True, Coniferous forests evolved due to earth’s continents assuming their modern configuration.
What are Conifers?
- Conifers are a group of cone-bearing seed plants, a subset of gymnosperms. Scientifically, they make up the division Pinophyta, also known as Coniferophyta or Coniferae.
- The great majority are trees, though a few are shrubs. Examples include cedars, Douglas-firs, cypresses, firs, junipers, kauri, larches, pines, hemlocks, redwoods, spruces, and yews.
The evolution of the Coniferous forests:
- The earliest conifers appear in the fossil record during the Late Carboniferous (Pennsylvanian), over 300 million years ago.

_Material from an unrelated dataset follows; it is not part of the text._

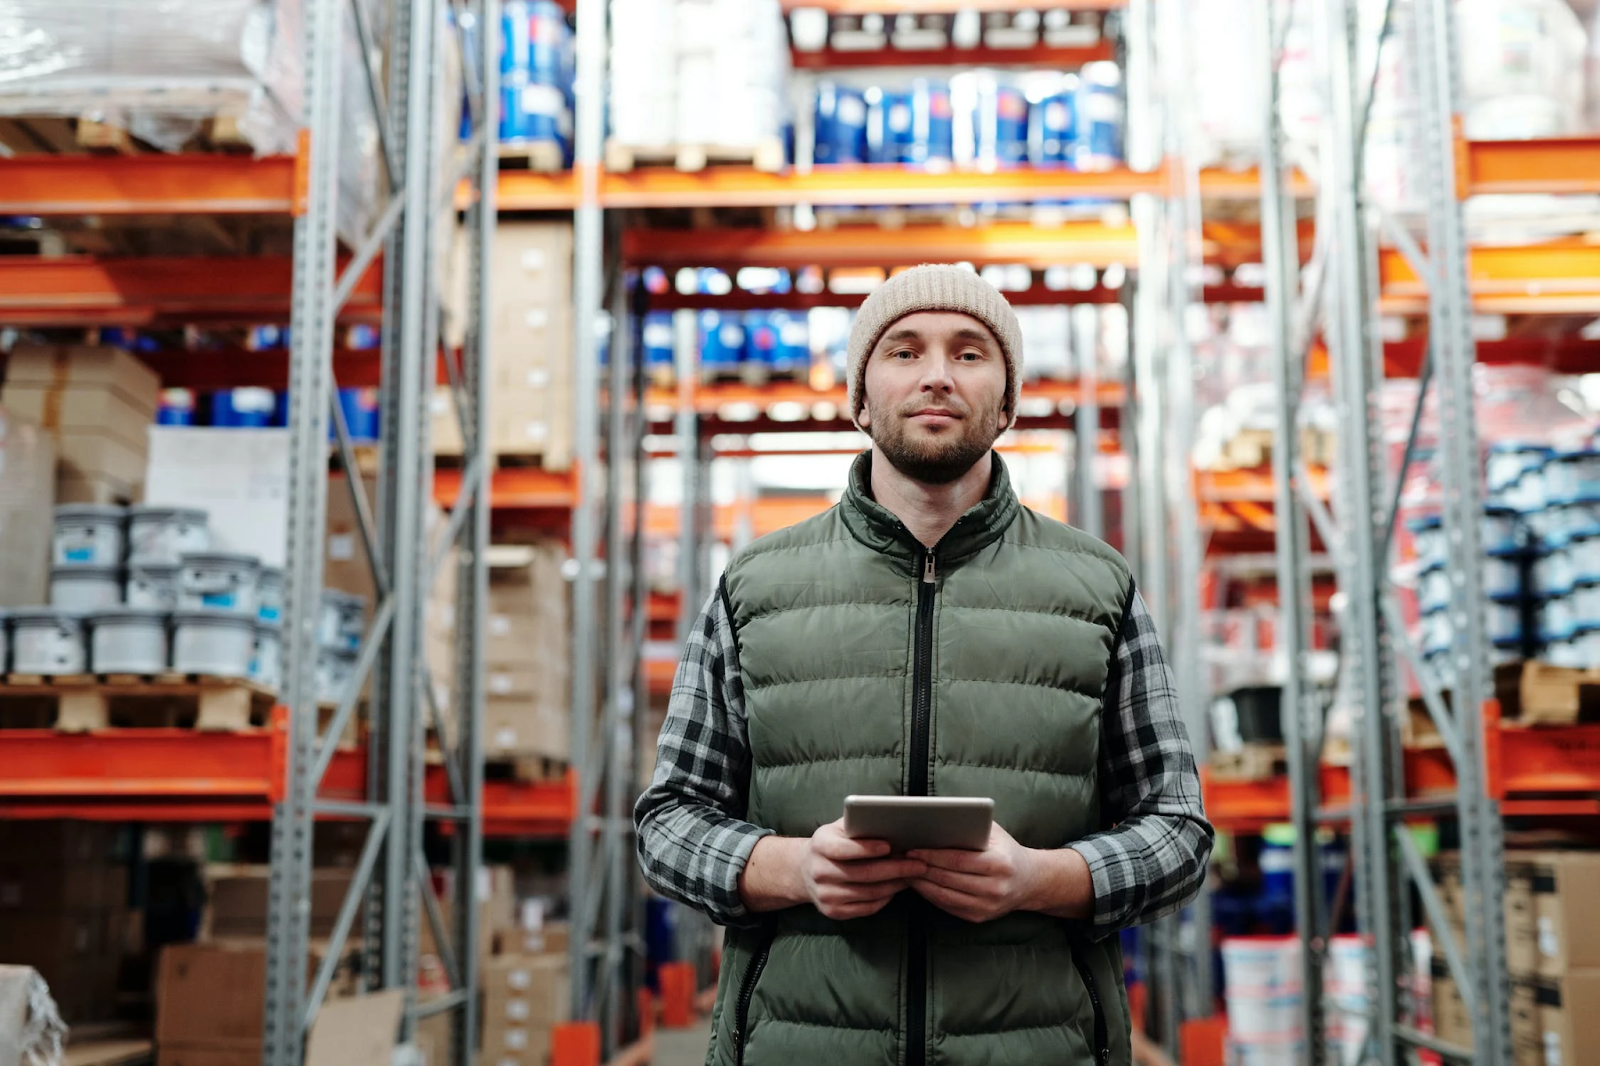 outsourcing fulfillment warehouse worker

- The most primitive conifers belong to the paraphyletic assemblage of "Wallachian conifers", which were small trees, and probably originated in dry upland habitats.
- The range of conifers expanded during the Early Permian (Cisuralian) to lowlands due to increasing aridity.
- Wallachian conifers were gradually replaced by more advanced voltzialean or "transition" conifers. Conifers were largely unaffected by the Permian–Triassic extinction event and were dominant land plants of the Mesozoic era.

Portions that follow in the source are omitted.